When coupled with the voter ID element of the Elections Act, which has been criticised as a “blatant attempt of voter suppression” by Labour, the Tories have been accused of trying to rig future ballots in their favour.
Posner said they could counter this criticism by making a clear commitment that the act will be “implemented in a fair and balanced way”.
He added that he hoped the new government would "get hold of the reins and make sure that is the case”.
Posner said he would also like to see political parties taking more responsibility when they are found to have broken electoral law, especially around campaign financing.
“There is something of a tendency when the rules are broken for those in politics to describe them as technical breaches, or not significant breaches, as if they don't matter,” he explained.
"I think it's fantastic we have a culture of compliance, but there is this culture of trying to play it down and say ‘well, it didn't matter, it wouldn't have made a difference to voters’.

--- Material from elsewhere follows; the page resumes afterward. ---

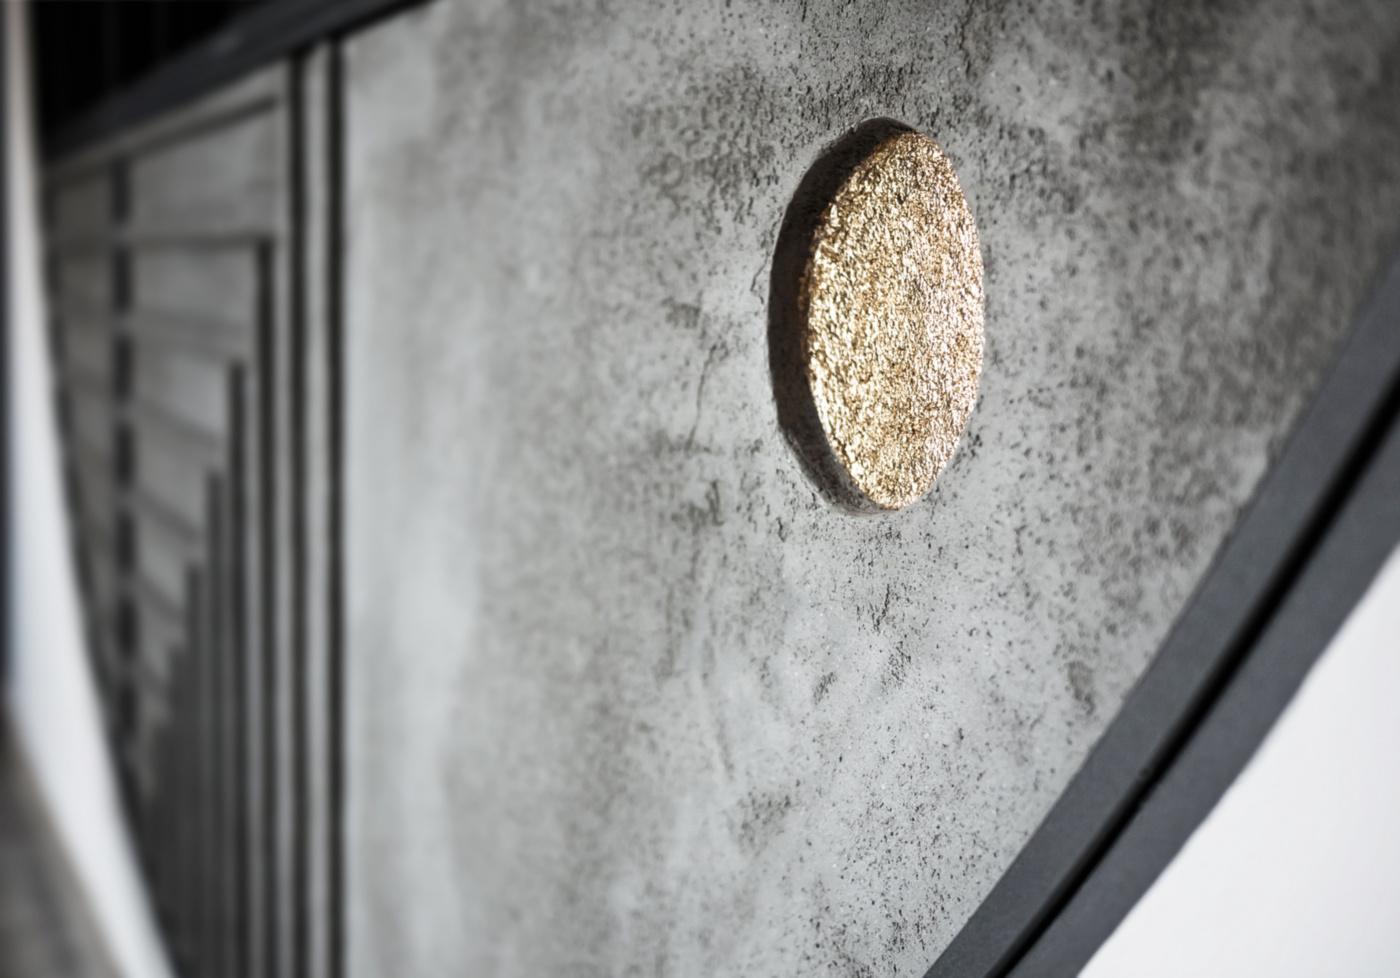 Trasformare una vetrata interna in un piccolo gioiello di interior design. L'oculo in foglia d'oro, incastonato nel calcestruzzo | Bottega di Architettura

“But mostly it does matter, and it would have made a difference, so I would like to see UK political campaigning a bit more open to accepting that breaches do matter.”
Although Posner has retired from the commission, he is not done with electoral rules, and is joining law firm Bates Wells as a consultant to help their clients navigate the sometimes complex legislation around campaigning.
He accepts the Electoral Commission hasn’t got everything right, but suggested he did not mind if it lost some court cases as it was a sign of a “healthy democracy”.
“There are some countries in the world where the regulators go to the courts, and the courts are also rather questionable, and every single time the state wins. Well, that's not democracy,” Posner said.
“You don't want the regulator to lose too many times in the court, but a healthy democracy means they don't always get it right.”
Following the EU referendum in 2016, there were a number of high-profile cases involving the commission as they sought to prosecute some pro-leave campaigners over alleged financial impropriety, leading to calls the body was politicised and should be abolished – including by then-Conservative Party chair Amanda Milling.
In 2020 she accused the organisation of a "lack of accountability" and of operating by an "unclear rulebook”, adding that if it failed to change “then the only option would be to abolish it”.
Posner said “that would be a very sad day for UK democracy if it ever did happen”, and hoped the new government would abandon such rhetoric in favour of reform.
“I think the abolition debate is not on the table anymore, and quite rightly so,” he said.
"The debate should be about making sure that regulators are enabled and have the tools and the powers to do their job and do it properly. So that's what one would hope going forward.”
The Department for Levelling Up, which is responsible for the Elections Act, has been contacted for comment.